The contact angle of water and di-iodomethane was examined using a contact angle device (KRUSS G10, Germany) that employed the sessile drop method. Each sample underwent the test three times before reporting the average. Each amorphous film was tested by depositing five 4μL droplets of the testing liquid onto its surface. The picture of the droplet was taken 5 s after deposition to ensure that the liquid had reached thermodynamic equilibrium with the solid surface. Then, the samples' total surface free energy was determined by applying the Owens-Wendt technique (Żenkiewicz et al., 2009).

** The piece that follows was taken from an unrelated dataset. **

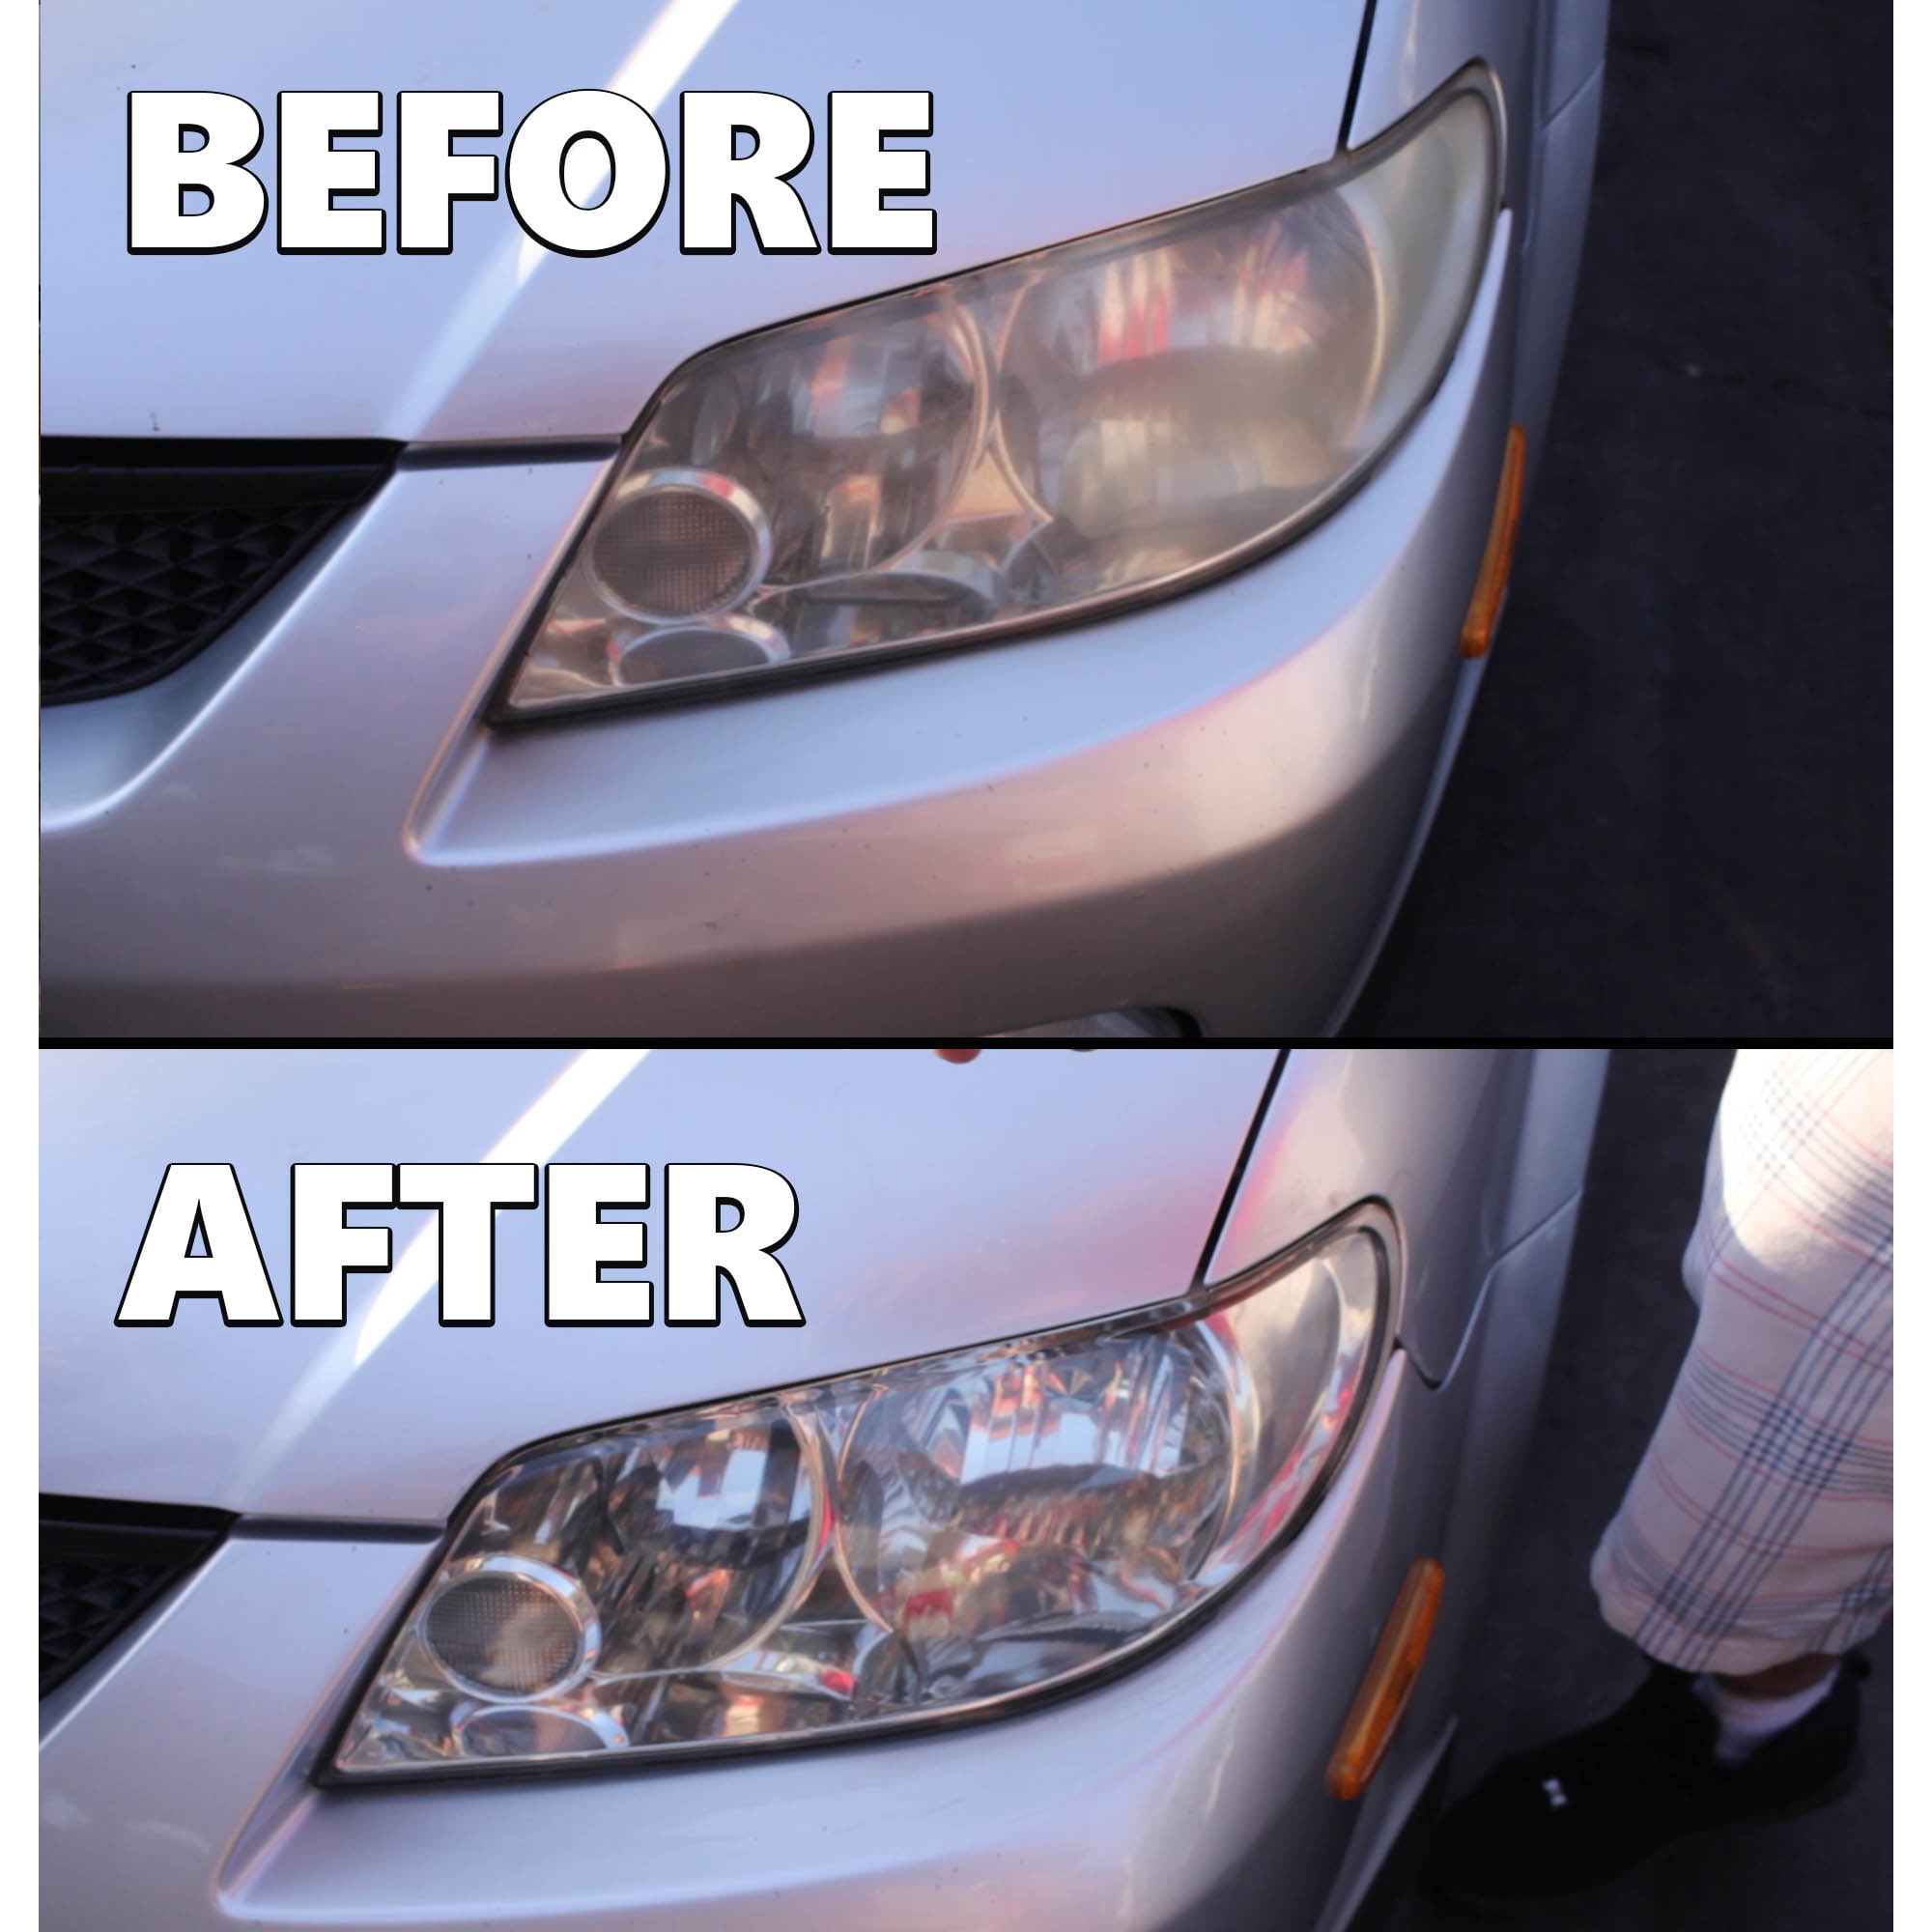 Mrigtriles Car Headlight Restoration Kit, Car Headlight Cleaner Wipes,  Headlights Lens Restoration Cleaner DIY Polish Sanding Discs

The nanocomposites' antibacterial properties were assessed using the disk diffusion method. Following impregnation with bacteria, the sample disks were positioned on the surface of Mueller-Hinton agar. After 24h of incubation at 37 °C, the inhibitory zone was examined on the plates.
The TGA instrument (Mettler Toledo) was used to conduct thermal stability studies in a nitrogen atmosphere at a heating rate of 10 °C/min.
4 Results and discussion
4.1 FTIR
Fig. 2 displays the FTIR spectra of PLA nanocomposites. In Fig. 2a, the surface hydroxyl groups of neat PLA are visible at 3450 cm−1. The absorbances at 2946 and 2992 cm−1 indicate the presence of methyl groups in the PLA side chain, corresponding to the stretching vibration of C–H bonds (Jafari et al., 2022). The absorption band at 1748 cm−1 is also mainly due to the stretching of the C=O bond in the ester group. Moreover, the peaks at 1451 and 1370 cm−1 are caused by symmetric and asymmetric C–H stretching vibrations, whereas the absorptions at 1045–1267 cm−1 are related to the C-O stretching vibration (Chen and Zhen, 2021). For neat ZnO nanoparticles (Fig. 2c), the peak observed between 480 and 420 cm−1 corresponds to the stretching mode of Zn-O (PP, 2020). As is clear, the addition of ZnO did not alter any of the PLA peaks, except for a slight decrease in the intensity of the peak at 3450 cm−1 (Fig. 2b). This reduction indicates the formation of secondary forces, such as weak hydrogen bonds, between PLA and ZnO NPs. Fig. 2e shows that ESO has a distinct epoxy functional group structure, indicated by two peaks at 833 and 726 cm−1 (Litke et al., 2023). In addition, the peaks at 1157 and 1738 cm−1 were due to the C-O stretching and C=O (carbonyl) stretching of ester groups, respectively (Kumar et al., 2017). The displacement of these peaks in the blended nanocomposites demonstrates the potential interactions between components. Similarly, the peaks at around 2923 and 2840 cm−1, which belong to the stretching vibration of aliphatic C–H stretching in ESO, are observed in another position in the PLA-ESO-ZnO (Fig. 2d), indicating the likelihood of hydrogen bonding with the ESO's oxirane group, the hydroxyl group of PLA, and the ZnO terminal (Han et al., 2020).FTIR spectra of the neat PLA, ZnO, PLA-ZnO, and PLA-ESO-ZnO.
4.2 SEM-EDS
Figs. 3-7 depict the cryo-fractured surfaces of neat PLA, PLA-ZnO, and PLA-ESO-ZnO blend nanocomposites as detected by SEM-EDS. Based on the observations, the fractured surface of pure PLA exhibited a smooth and consistent appearance (Fig. 3). However, adding 3 wt% of ZnO NPs resulted in roughness on the PLA surface, suggesting the presence of a more complex fracture propagation route while maintaining a uniform distribution, except for specific clusters of the ZnO NPs, as shown by white dots in Fig. 4b) (Shankar et al., 2018). It is well known that good inter-component interactions and the formation of secondary forces, such as hydrogen bonds between the PLA polymer and ZnO, cause good dispersion of the nanoparticles (Kim et al., 2019; Tan et al., 2023; Yu et al., 2021).SEM image of the neat PLA.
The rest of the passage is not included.